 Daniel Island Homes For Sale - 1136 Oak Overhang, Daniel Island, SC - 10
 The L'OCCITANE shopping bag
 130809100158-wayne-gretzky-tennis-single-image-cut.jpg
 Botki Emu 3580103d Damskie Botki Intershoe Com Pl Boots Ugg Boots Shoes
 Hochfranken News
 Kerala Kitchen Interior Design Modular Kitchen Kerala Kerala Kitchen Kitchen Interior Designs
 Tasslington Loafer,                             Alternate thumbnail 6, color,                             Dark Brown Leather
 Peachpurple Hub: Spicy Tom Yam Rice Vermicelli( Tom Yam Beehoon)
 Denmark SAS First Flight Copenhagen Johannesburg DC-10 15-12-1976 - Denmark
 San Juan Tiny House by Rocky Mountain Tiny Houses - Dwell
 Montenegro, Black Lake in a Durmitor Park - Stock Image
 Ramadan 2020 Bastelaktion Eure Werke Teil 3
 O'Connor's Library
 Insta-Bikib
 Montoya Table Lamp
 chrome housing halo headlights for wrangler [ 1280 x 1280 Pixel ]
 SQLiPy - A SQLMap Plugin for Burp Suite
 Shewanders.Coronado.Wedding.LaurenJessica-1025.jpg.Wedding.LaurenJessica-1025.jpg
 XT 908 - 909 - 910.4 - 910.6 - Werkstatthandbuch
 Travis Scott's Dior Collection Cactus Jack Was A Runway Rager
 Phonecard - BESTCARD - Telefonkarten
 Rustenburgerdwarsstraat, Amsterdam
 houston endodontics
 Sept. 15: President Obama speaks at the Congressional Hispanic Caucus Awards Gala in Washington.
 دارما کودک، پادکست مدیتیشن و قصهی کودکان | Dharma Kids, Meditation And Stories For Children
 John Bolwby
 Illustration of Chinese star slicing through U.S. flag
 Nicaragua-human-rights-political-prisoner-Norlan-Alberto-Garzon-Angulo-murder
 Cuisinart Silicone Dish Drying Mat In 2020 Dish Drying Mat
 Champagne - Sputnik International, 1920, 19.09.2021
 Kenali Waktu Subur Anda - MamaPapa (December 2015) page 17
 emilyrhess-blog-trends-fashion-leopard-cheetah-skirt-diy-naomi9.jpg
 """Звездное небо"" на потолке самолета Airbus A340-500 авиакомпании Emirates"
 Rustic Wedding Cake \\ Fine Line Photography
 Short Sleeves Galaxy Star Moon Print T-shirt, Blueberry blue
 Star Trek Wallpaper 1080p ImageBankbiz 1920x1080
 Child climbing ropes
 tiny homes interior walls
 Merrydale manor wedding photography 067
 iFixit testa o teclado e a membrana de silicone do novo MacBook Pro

_What is needed:_ Each line of the listing is to be repeated without alteration.

_Task answer:_
 Daniel Island Homes For Sale - 1136 Oak Overhang, Daniel Island, SC - 10
 The L'OCCITANE shopping bag
 130809100158-wayne-gretzky-tennis-single-image-cut.jpg
 Botki Emu 3580103d Damskie Botki Intershoe Com Pl Boots Ugg Boots Shoes
 Hochfranken News
 Kerala Kitchen Interior Design Modular Kitchen Kerala Kerala Kitchen Kitchen Interior Designs
 Tasslington Loafer,                             Alternate thumbnail 6, color,                             Dark Brown Leather
 Peachpurple Hub: Spicy Tom Yam Rice Vermicelli( Tom Yam Beehoon)
 Denmark SAS First Flight Copenhagen Johannesburg DC-10 15-12-1976 - Denmark
 San Juan Tiny House by Rocky Mountain Tiny Houses - Dwell
 Montenegro, Black Lake in a Durmitor Park - Stock Image
 Ramadan 2020 Bastelaktion Eure Werke Teil 3
 O'Connor's Library
 Insta-Bikib
 Montoya Table Lamp
 chrome housing halo headlights for wrangler [ 1280 x 1280 Pixel ]
 SQLiPy - A SQLMap Plugin for Burp Suite
 Shewanders.Coronado.Wedding.LaurenJessica-1025.jpg.Wedding.LaurenJessica-1025.jpg
 XT 908 - 909 - 910.4 - 910.6 - Werkstatthandbuch
 Travis Scott's Dior Collection Cactus Jack Was A Runway Rager
 Phonecard - BESTCARD - Telefonkarten
 Rustenburgerdwarsstraat, Amsterdam
 houston endodontics
 Sept. 15: President Obama speaks at the Congressional Hispanic Caucus Awards Gala in Washington.
 دارما کودک، پادکست مدیتیشن و قصهی کودکان | Dharma Kids, Meditation And Stories For Children
 John Bolwby
 Illustration of Chinese star slicing through U.S. flag
 Nicaragua-human-rights-political-prisoner-Norlan-Alberto-Garzon-Angulo-murder
 Cuisinart Silicone Dish Drying Mat In 2020 Dish Drying Mat
 Champagne - Sputnik International, 1920, 19.09.2021
 Kenali Waktu Subur Anda - MamaPapa (December 2015) page 17
 emilyrhess-blog-trends-fashion-leopard-cheetah-skirt-diy-naomi9.jpg
 """Звездное небо"" на потолке самолета Airbus A340-500 авиакомпании Emirates"
 Rustic Wedding Cake \\ Fine Line Photography
 Short Sleeves Galaxy Star Moon Print T-shirt, Blueberry blue
 Star Trek Wallpaper 1080p ImageBankbiz 1920x1080
 Child climbing ropes
 tiny homes interior walls
 Merrydale manor wedding photography 067
 iFixit testa o teclado e a membrana de silicone do novo MacBook Pro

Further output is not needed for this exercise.